Старая женщина, не отвечая, судорожно вцепилась пальцами в край стола. Она чувствовала, что начинает дрожать.
— Ну, быстрее, быстрее! — подходя к телефону, сказал Фараго. — Какой номер?
Мать Хидвеги молчала. «Говорить нельзя. Нельзя. Они пришли забрать Кароя!» — проносилось в голове матери, и перед глазами вставала жуткая картина, виденная на улице Аради: повешенный человек с табличкой на шее: «Так будет с каждым а́вошем». «Нет, умру, но не скажу!»
И мать Хидвеги молчала.
— Не упирайся, старуха, шевели языком! — заорал на нее Шувегеш и для пущей важности положил руку на автомат.

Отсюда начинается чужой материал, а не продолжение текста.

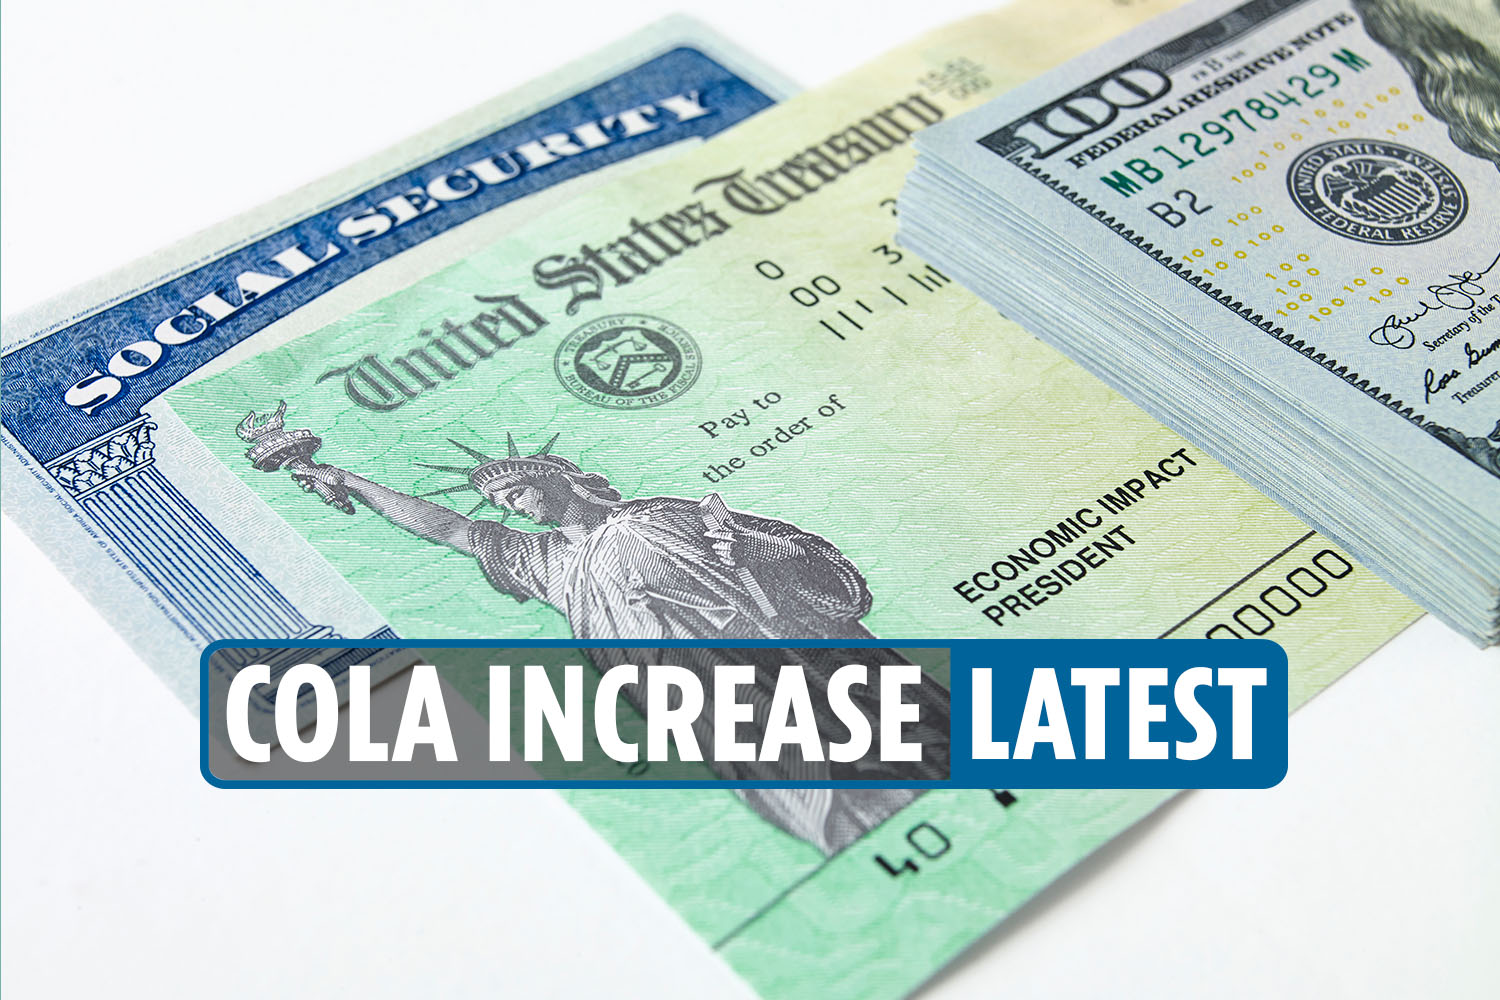 New COLA checks worth up to $4,194 sent out after extra $200 payments arrive

«Убьют? Ну и пусть! Только бы сразу, в сердце… Нет, ничего не скажу! «Так будет с каждым а́вошем»? Нет, им не удастся расправиться с Кароем… А может, и меня не убьют? У этого полицейского тоже, наверное, есть мать… Надо сказать ему: пусть он подумает о своей матери! Язык словно отнялся… Надо бы услать отсюда Анико — не задела бы ее пуля… Но почему не идет этот Шиллер? Хоть бы он пришел… Как страшно умирать!» — вихрь мыслей пронесся в голове старой женщины.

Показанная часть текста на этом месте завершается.